## PROBLEM REQUIREMENTS
Nothing but the lines from the one with "Murmeltier, ein südamerikanischer" down to the one with "Disegnando sulla nota" should be returned, exactly and with both ends included, from the material below.

## MATERIAL SUPPLIED
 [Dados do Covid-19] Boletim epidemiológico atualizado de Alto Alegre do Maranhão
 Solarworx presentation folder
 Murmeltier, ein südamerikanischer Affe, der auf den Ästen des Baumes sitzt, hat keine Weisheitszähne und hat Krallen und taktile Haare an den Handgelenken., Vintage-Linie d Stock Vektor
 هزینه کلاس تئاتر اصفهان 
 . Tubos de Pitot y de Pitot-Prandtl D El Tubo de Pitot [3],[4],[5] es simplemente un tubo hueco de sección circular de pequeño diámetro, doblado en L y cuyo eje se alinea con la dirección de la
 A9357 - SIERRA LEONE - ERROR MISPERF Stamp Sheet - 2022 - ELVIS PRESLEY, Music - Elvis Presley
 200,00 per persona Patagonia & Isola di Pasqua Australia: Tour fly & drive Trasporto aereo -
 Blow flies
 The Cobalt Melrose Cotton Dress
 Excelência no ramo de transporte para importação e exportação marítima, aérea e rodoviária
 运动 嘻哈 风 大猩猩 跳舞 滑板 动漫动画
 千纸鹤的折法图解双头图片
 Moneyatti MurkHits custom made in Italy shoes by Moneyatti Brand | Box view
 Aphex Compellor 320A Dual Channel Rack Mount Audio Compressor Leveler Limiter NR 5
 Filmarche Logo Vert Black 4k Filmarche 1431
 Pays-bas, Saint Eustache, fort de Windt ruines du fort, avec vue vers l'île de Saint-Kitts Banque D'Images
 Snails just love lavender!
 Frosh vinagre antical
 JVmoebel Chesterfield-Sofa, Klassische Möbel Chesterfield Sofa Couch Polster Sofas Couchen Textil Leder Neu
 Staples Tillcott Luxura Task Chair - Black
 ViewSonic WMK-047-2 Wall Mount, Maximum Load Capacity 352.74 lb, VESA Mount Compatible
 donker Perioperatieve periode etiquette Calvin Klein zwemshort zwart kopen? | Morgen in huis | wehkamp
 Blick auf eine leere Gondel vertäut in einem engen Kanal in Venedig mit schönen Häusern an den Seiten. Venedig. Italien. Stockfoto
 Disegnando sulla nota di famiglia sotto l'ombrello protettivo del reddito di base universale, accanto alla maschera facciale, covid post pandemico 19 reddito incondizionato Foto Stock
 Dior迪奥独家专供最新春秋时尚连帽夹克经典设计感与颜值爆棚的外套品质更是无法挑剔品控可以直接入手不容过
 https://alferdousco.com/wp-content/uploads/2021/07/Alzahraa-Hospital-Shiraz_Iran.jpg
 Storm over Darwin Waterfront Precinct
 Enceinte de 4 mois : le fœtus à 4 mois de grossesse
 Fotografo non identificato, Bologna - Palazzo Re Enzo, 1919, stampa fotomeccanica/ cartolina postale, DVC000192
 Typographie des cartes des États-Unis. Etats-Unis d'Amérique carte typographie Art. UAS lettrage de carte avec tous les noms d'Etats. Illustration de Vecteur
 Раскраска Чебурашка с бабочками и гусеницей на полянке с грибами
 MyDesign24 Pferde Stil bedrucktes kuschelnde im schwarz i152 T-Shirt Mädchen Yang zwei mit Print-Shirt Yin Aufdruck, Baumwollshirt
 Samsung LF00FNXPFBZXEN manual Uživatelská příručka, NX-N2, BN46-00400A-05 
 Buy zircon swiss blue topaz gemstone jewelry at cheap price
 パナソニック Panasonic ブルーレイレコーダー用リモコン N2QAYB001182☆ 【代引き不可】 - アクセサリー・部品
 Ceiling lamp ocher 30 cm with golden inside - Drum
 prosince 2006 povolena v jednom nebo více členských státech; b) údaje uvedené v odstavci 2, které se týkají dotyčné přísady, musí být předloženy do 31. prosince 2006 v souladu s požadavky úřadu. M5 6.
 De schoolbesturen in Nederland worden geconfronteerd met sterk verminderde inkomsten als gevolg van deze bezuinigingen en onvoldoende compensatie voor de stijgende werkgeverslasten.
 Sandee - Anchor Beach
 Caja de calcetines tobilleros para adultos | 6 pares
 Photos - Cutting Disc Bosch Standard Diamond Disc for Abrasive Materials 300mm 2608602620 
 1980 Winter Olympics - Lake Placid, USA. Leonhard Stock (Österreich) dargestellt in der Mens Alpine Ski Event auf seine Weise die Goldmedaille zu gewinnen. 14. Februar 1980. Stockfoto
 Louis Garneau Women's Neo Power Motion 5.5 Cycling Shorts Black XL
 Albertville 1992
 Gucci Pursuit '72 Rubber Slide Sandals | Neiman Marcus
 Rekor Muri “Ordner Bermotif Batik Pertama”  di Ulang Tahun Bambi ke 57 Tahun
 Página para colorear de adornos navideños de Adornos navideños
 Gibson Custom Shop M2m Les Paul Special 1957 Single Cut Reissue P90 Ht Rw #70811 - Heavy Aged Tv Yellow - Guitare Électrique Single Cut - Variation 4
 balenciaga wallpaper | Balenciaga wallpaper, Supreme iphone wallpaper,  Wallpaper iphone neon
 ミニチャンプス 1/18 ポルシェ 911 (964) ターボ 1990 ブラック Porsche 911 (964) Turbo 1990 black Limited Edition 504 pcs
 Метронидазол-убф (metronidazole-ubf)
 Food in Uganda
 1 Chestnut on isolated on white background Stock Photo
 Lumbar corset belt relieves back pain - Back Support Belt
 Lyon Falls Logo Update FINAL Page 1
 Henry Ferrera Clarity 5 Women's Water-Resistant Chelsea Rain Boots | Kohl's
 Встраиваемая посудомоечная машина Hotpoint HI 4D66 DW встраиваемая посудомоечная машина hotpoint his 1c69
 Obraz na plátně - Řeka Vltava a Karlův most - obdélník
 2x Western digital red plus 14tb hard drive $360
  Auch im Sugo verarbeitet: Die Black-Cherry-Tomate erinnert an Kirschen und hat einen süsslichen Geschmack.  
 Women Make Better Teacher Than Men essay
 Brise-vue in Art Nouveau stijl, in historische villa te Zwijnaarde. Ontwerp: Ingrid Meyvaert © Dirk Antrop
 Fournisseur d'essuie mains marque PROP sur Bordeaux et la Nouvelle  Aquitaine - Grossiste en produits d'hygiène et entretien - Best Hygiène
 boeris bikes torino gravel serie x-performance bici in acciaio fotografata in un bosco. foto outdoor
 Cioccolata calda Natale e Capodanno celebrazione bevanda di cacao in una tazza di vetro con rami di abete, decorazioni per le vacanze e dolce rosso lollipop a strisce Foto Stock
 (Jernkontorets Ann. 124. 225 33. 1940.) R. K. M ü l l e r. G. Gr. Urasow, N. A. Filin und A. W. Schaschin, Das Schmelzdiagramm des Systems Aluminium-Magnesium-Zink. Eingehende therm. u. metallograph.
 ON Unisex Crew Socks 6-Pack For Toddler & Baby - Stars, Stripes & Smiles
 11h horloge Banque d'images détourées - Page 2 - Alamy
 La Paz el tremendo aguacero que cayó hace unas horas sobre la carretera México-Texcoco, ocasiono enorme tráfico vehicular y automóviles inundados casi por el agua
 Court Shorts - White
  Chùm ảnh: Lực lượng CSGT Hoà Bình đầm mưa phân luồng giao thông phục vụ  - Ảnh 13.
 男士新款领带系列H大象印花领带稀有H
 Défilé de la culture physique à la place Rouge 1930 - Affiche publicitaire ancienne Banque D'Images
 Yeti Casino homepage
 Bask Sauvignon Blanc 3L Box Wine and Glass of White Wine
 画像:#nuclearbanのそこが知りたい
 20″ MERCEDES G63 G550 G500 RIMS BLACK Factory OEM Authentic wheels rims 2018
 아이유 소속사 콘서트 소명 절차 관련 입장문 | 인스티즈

## TASK ANSWER
 Murmeltier, ein südamerikanischer Affe, der auf den Ästen des Baumes sitzt, hat keine Weisheitszähne und hat Krallen und taktile Haare an den Handgelenken., Vintage-Linie d Stock Vektor
 هزینه کلاس تئاتر اصفهان 
 . Tubos de Pitot y de Pitot-Prandtl D El Tubo de Pitot [3],[4],[5] es simplemente un tubo hueco de sección circular de pequeño diámetro, doblado en L y cuyo eje se alinea con la dirección de la
 A9357 - SIERRA LEONE - ERROR MISPERF Stamp Sheet - 2022 - ELVIS PRESLEY, Music - Elvis Presley
 200,00 per persona Patagonia & Isola di Pasqua Australia: Tour fly & drive Trasporto aereo -
 Blow flies
 The Cobalt Melrose Cotton Dress
 Excelência no ramo de transporte para importação e exportação marítima, aérea e rodoviária
 运动 嘻哈 风 大猩猩 跳舞 滑板 动漫动画
 千纸鹤的折法图解双头图片
 Moneyatti MurkHits custom made in Italy shoes by Moneyatti Brand | Box view
 Aphex Compellor 320A Dual Channel Rack Mount Audio Compressor Leveler Limiter NR 5
 Filmarche Logo Vert Black 4k Filmarche 1431
 Pays-bas, Saint Eustache, fort de Windt ruines du fort, avec vue vers l'île de Saint-Kitts Banque D'Images
 Snails just love lavender!
 Frosh vinagre antical
 JVmoebel Chesterfield-Sofa, Klassische Möbel Chesterfield Sofa Couch Polster Sofas Couchen Textil Leder Neu
 Staples Tillcott Luxura Task Chair - Black
 ViewSonic WMK-047-2 Wall Mount, Maximum Load Capacity 352.74 lb, VESA Mount Compatible
 donker Perioperatieve periode etiquette Calvin Klein zwemshort zwart kopen? | Morgen in huis | wehkamp
 Blick auf eine leere Gondel vertäut in einem engen Kanal in Venedig mit schönen Häusern an den Seiten. Venedig. Italien. Stockfoto
 Disegnando sulla nota di famiglia sotto l'ombrello protettivo del reddito di base universale, accanto alla maschera facciale, covid post pandemico 19 reddito incondizionato Foto Stock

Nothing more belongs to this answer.